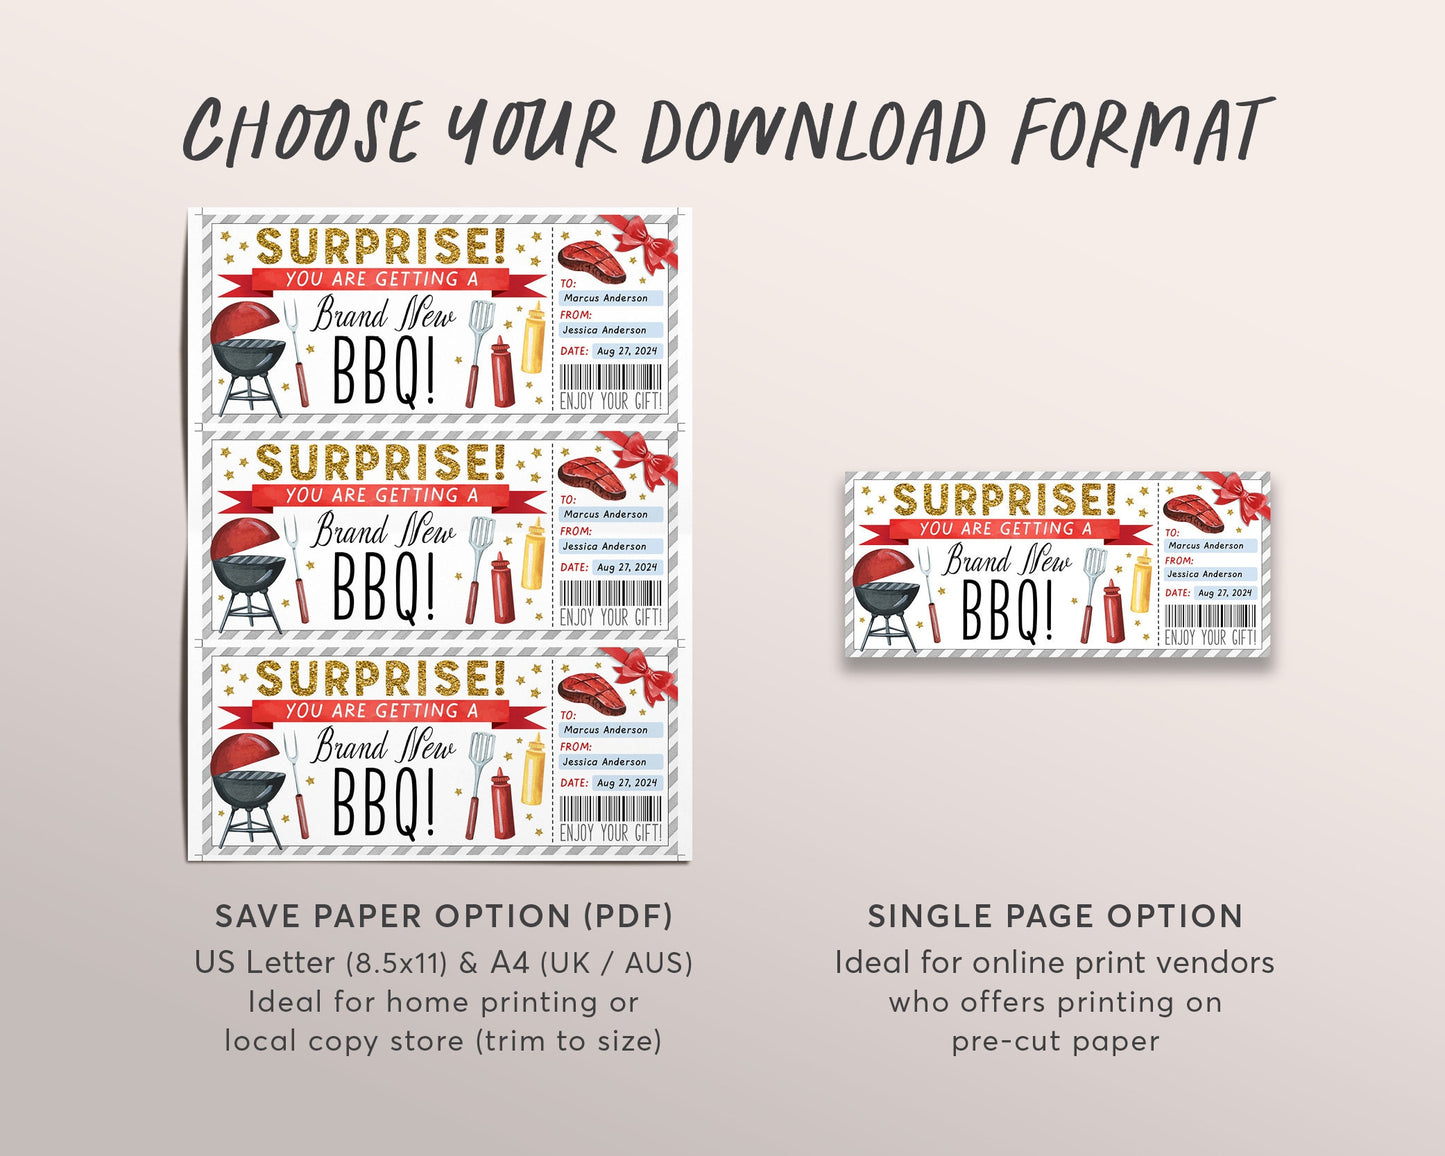 BBQ Voucher Gift Certificate Editable Template, Surprise Brand New BBQ Grill For Husband, Barbecue Dinner Meal Coupon Ticket Outdoor Cooking
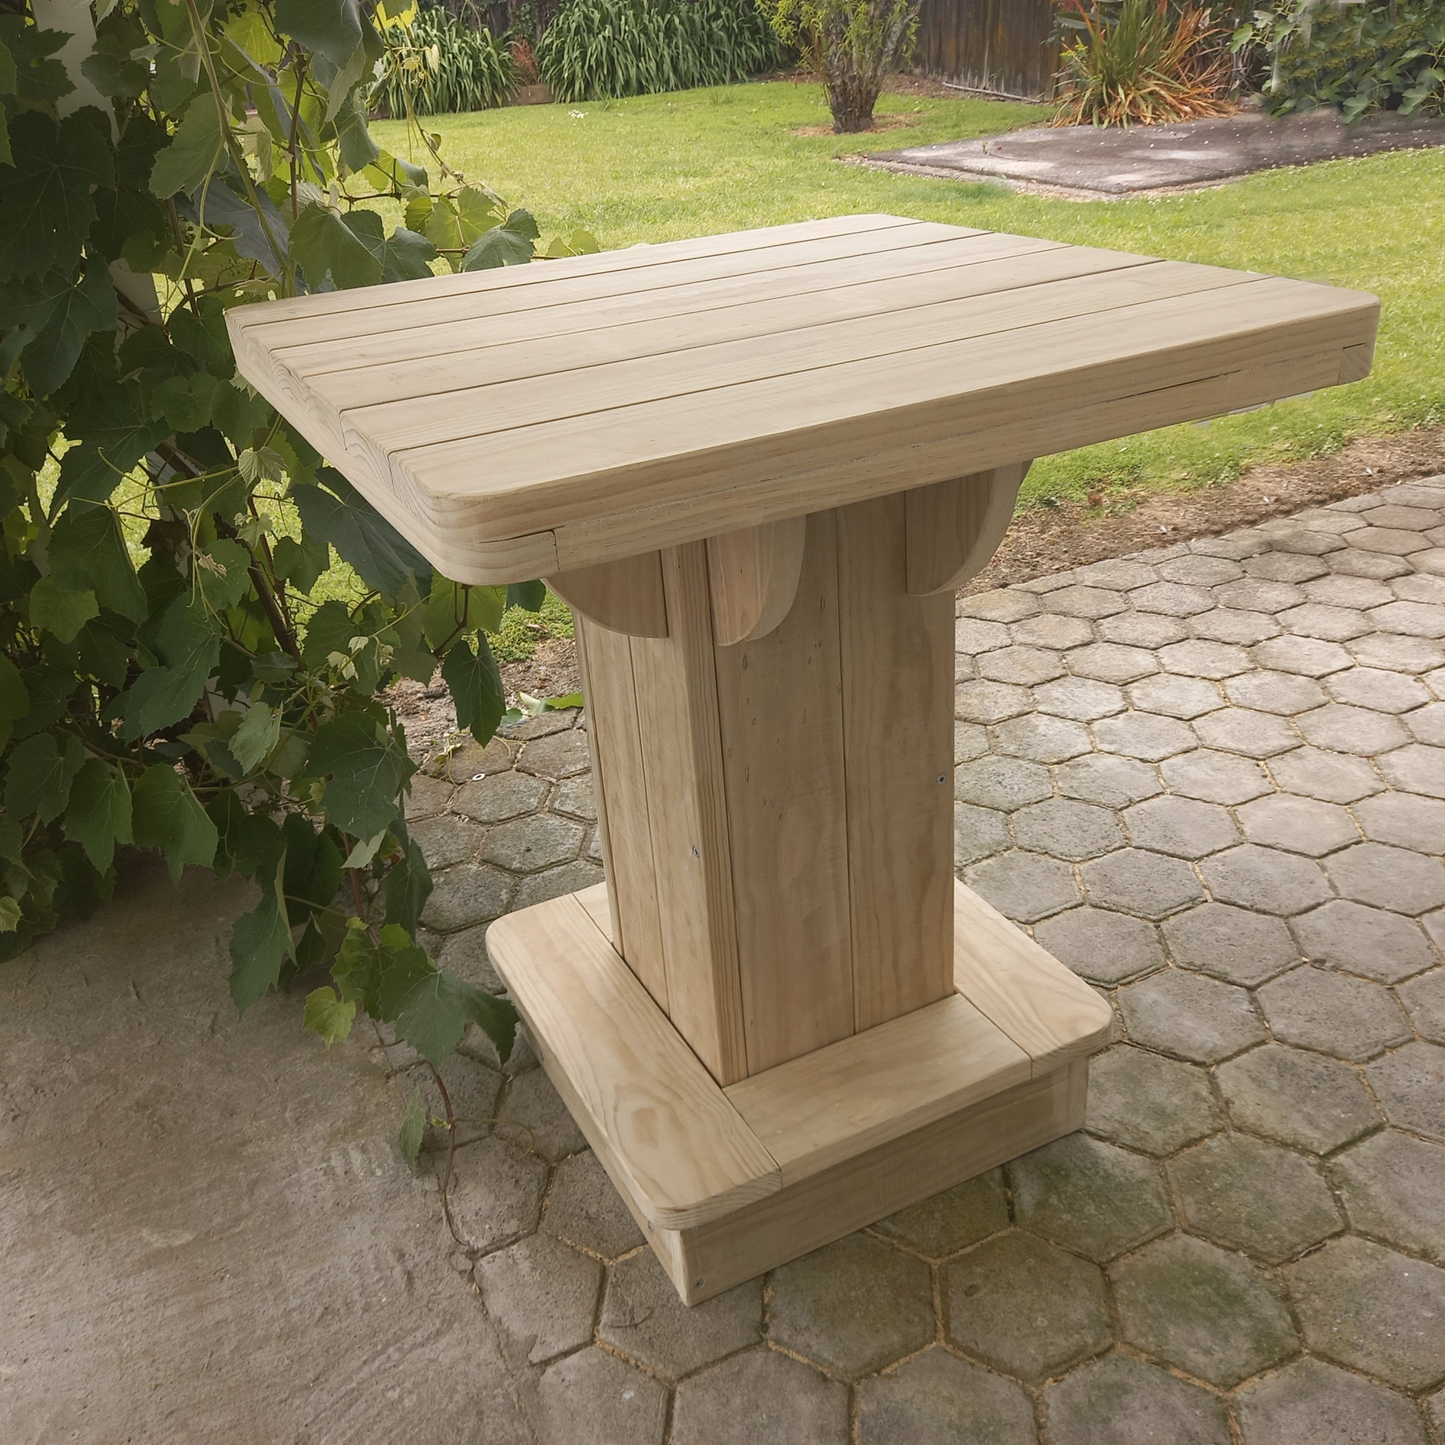 DIY plans to build an outdoor bar or pub table 33 inches (840mm) square
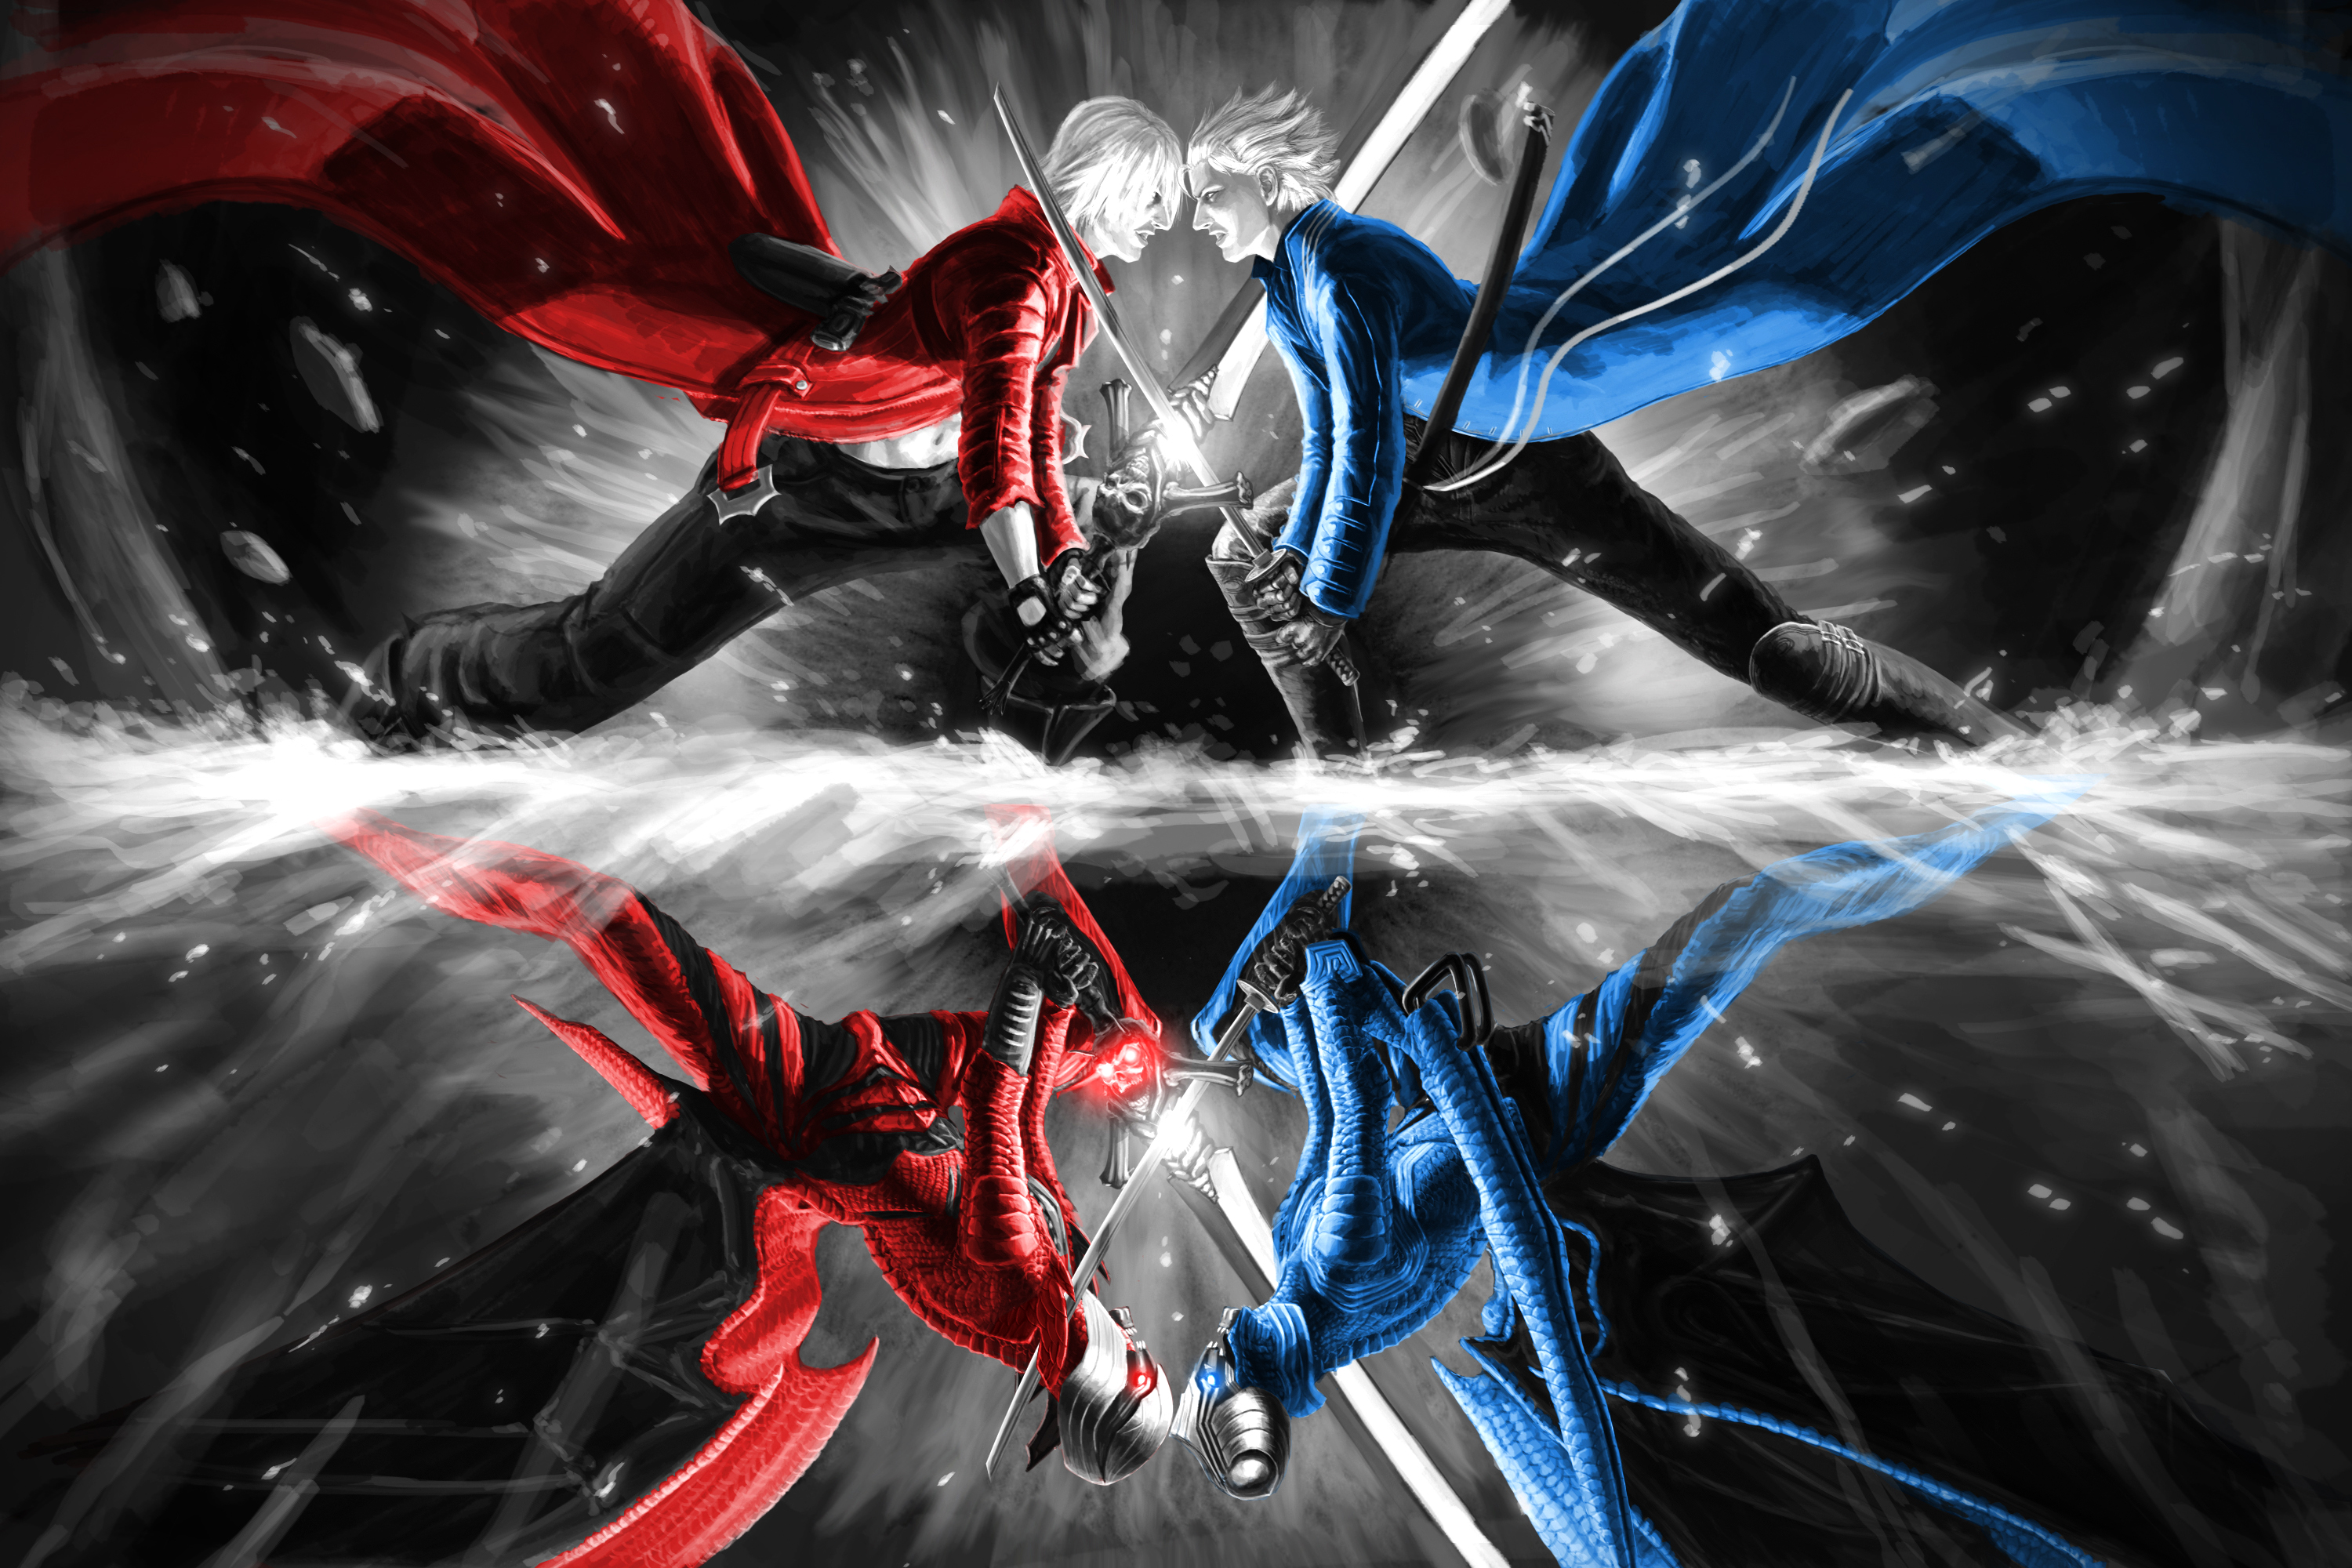 98 Devil May Cry HD Wallpapers Backgrounds - Wallpaper Abyss

┄┄┄┄┄┄

### WHAT TO DO
The required output consists only of the lines from the one containing "DIY plans to" to the last line of the material, reproduced exactly, pictures excluded.

### SOLUTION BELOW
 DIY plans to build an outdoor bar or pub table 33 inches (840mm) square
 98 Devil May Cry HD Wallpapers Backgrounds - Wallpaper Abyss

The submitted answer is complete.